ERROR MESSAGES/STACK TRACES THAT OCCUR :
java.util.concurrent.ExecutionException: java.lang.OutOfMemoryError: GC overhead limit exceeded
at java.util.concurrent.FutureTask$Sync.innerGet(FutureTask.java:222)
at java.util.concurrent.FutureTask.get(FutureTask.java:83)
REPRODUCIBILITY :
This bug can be reproduced always.
---------- BEGIN SOURCE ----------
public class LinkFinderThread implements Callable<ArrayList<String>> {
private final String regex = "http://image\\.skins\\.be/[0-9]+/[0-9a-zA-Z\\-]+/";
private String url;
public LinkFinderThread(String url) {
this.url = url;
}
public ArrayList<String> call() {
ArrayList<String> result = new ArrayList<String>();
String htmlPage = this.getHTMLDoc();
Pattern pattern = Pattern.compile(regex);
Matcher matcher = pattern.matcher(htmlPage);
while (matcher.find()) {
result.add(matcher.group());
}
return result;
}
private String getHTMLDoc() {
StringBuilder htmlPage = new StringBuilder();
try {
InputStream is = new URL(this.url).openStream();
Scanner scanner = new Scanner(is);
while (scanner.hasNextLine()) {
htmlPage.append(scanner.nextLine());
}
scanner.close();
is.close();
} catch (Exception e) {
}
return htmlPage.toString();
}
}
public class LinkFinderThreadPool {
private ThreadPoolExecutor tpe;
private CompletionService<ArrayList<String>> ecs;
public LinkFinderThreadPool(int poolSize) {
this.tpe = new ThreadPoolExecutor(poolSize, poolSize, 3, TimeUnit.SECONDS, new LinkedBlockingDeque<Runnable>() );
this.ecs = new ExecutorCompletionService<ArrayList<String>>(tpe);
}
public void addJob(String url) {
ecs.submit(new LinkFinderThread(url));
}
public ArrayList<String> getResults() {
try {
return ecs.take().get();
}
catch (Exception e) {
}
return null;
}
public int getActiveCount()
{
return this.tpe.getActiveCount();
}
public void shutdown()
{
tpe.shutdown();
}
public static void main(String[] args) {
LinkFinderThreadPool pool = new LinkFinderThreadPool(10);
final int count = 50;
for (int i = 0; i < count; i++) {
pool.addJob("http://forum.skins.be/9-hq-celebrity-pictures/56-jessica-alba-babe-tournament-2008-winner/");
}
ArrayList<String> results;
int i = 0;
while (pool.getActiveCount() > 0) {
results = pool.getResults();
if (results == null) continue;
if (i % 10 == 0) {
System.out.println(i);
}
i++;
}
pool.shutdown();
System.out.println("done - infinity loop");
while (true) { }
}
}
---------- END SOURCE ----------
CUSTOMER SUBMITTED WORKAROUND :
We don't have any workaround.
1.6.0_16 (Windows)
MacOS Apple standard version
ADDITIONAL OS VERSION INFORMATION :
Microsoft Windows [Version 6.1.7600]
MacOS X 10.6.2
A DESCRIPTION OF THE PROBLEM :
Our program uses regular expressions (Pattern and Matcher) to extract contents from webpages. We use several threads running in a ThreadPoolExecutor and are collected by a ExecutorCompletionService. Under MacOS, an out of heap memory error was the result (at a memory usage of about 150 MB), under Windows, the memory usage of the program increased "unlimited" (we stopped testing at 700 MB of memory usage).

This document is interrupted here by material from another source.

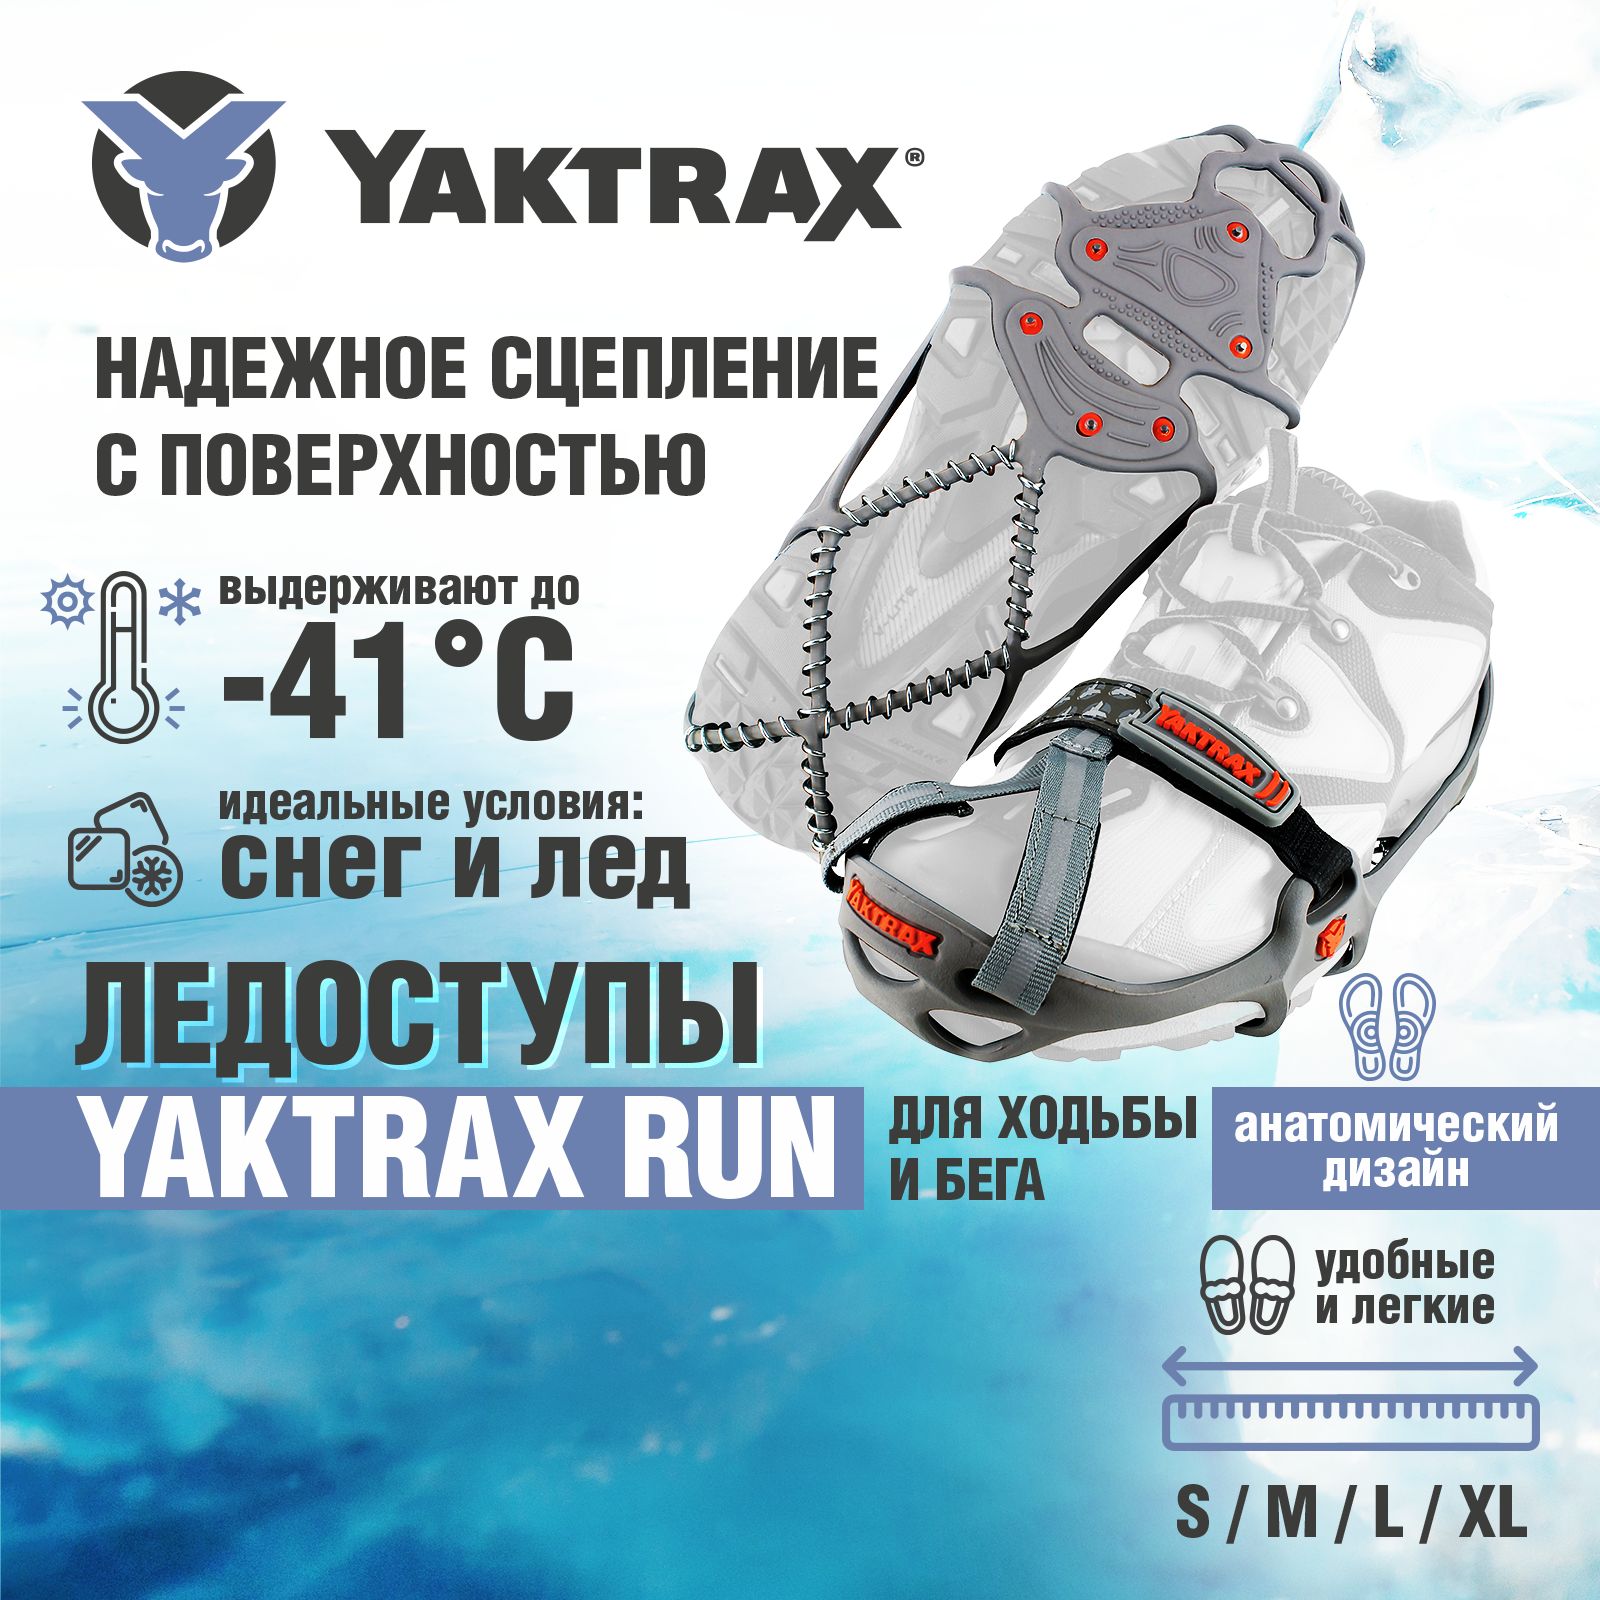 Ледоступы Yaktax Run, размер 44-46

We are pretty sure that the leak comes from the matcher. We used the tool VisualVM to get a heap dump. The dump showed an increasing amount of char arrays during the program execution. We checked the content of these char arrays, and found out, that they contained the source of the pages.
To ensure that the class Matcher is responsible, we added a keyword to the content string (see example). The memory dump showed this keyword in every related char array.
STEPS TO FOLLOW TO REPRODUCE THE PROBLEM :
The following code produces the memory leak. It is used within a thread (implemented by ThreadPoolExecutor). We use thousands of threads to scan known webpages for a specific content, and we noticed that the instance of Matcher is not removed from memory by the Garbage Collector after the method returned (or even after the thread has finished).
EXPECTED VERSUS ACTUAL BEHAVIOR :
EXPECTED -
We expected that the memory usage after the threads have finished should be almost equal to the memory usage before they started.
ACTUAL -
Memory is not correctly cleared after the threads finished.
ERROR MESSAGES/STACK TRACES THAT OCCUR :
java.util.concurrent.ExecutionException: java.lang.OutOfMemoryError: GC overhead limit exceeded
at java.util.concurrent.FutureTask$Sync.innerGet(FutureTask.java:222)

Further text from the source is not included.